From http://observer.guardian.co.uk/omm/story/0,13887,1083283,00.html

I mean, it's all well and good poking fun at your adolescent past-times when you finally get yourself a girlfriend and all, but really...

stevie (stevie), Sunday, 16 November 2003 12:31 (twenty-one years ago)

Is he the most asshole man ever?

Nick Southall (Nick Southall), Sunday, 16 November 2003 12:48 (twenty-one years ago)

Yeah but you can't fault what he's actually saying can you?

Pete S, Sunday, 16 November 2003 12:51 (twenty-one years ago)

is growing up a refutation of your past? or an acceptance of it?

i have a certain suspicion of the way of thinking outlined above. i think its possibly because it characterizes periods of your past as 'development stages', and the present as a fully realised stage, able to laugh at the follies on the way there. but there is no thought given to the fact that the present is also a development stage (although i dont like the word development in this context)

or to look at it another way, cox seems to be saying, then i was silly, now i am sensible, as though this is how he is going to be for the rest of his life now. in 10 years time he might look upon now as silly, a period in which he adopted forced conservatism, and that the louche and vaudevillian person he might become in the future is the real him

i think i have a suspicion of people who 'grow up' because i wonder why they didnt grow up earlier. this is late to be growing up. you become an adult at 16 not 37

charltonlido (gareth), Sunday, 16 November 2003 13:12 (twenty-one years ago)

adoption of the persona of adulthood, a post-1950s phenomenon? also a peculiarly middle class viewpoint possibly

charltonlido (gareth), Sunday, 16 November 2003 13:14 (twenty-one years ago)

Can't fault what he's saying, can say why the fuck did you do it in the first place you fuckign awful stain of a man though.

Nick Southall (Nick Southall), Sunday, 16 November 2003 13:20 (twenty-one years ago)

The very nature of the music we all listen to (since the 1950s incidentally) helps to retard our growth.

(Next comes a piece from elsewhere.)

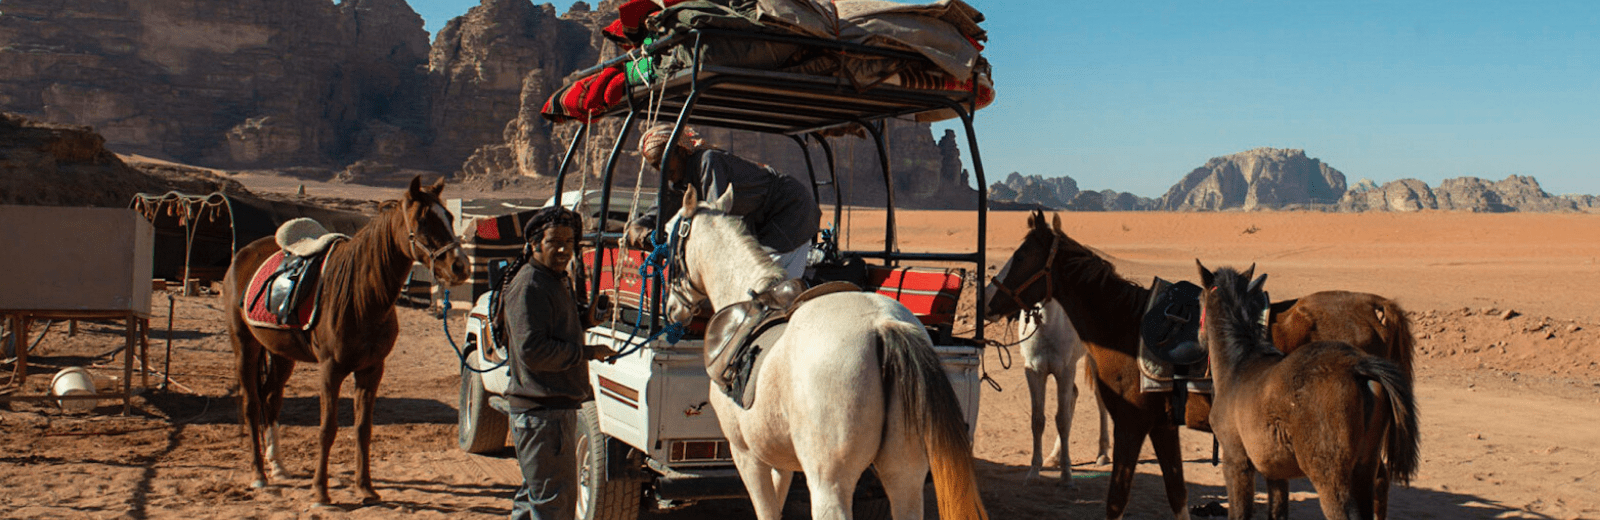 Paarden trektocht vanaf 1 dag in de woestijn, met overnachting onder de sterren. Jordan Desert Journeys

The themes, the shallow exploration of those, the obsessive focus on excitement as its main feature... It's all about recommending adolescence and the feelings and thrills that come with it as something we should hang on to.

Pete S, Sunday, 16 November 2003 13:21 (twenty-one years ago)

I am listening to Electric by The Cult. I know not of this 'arrested adolescence'.

Nick Southall (Nick Southall), Sunday, 16 November 2003 13:31 (twenty-one years ago)

or to look at it another way, cox seems to be saying, then i was silly, now i am sensible, as though this is how he is going to be for the rest of his life now.

I'm not sure he's necessarily saying he's now sensible just that he's identified and recanted a particular style of silliness from his past. You're right though that you do continually discover that you were still silly even though you previously thought you had it beat. But perhaps the silliness becomes fainter as you go on as it's subject
to repeated filtering.

David (David), Sunday, 16 November 2003 13:45 (twenty-one years ago)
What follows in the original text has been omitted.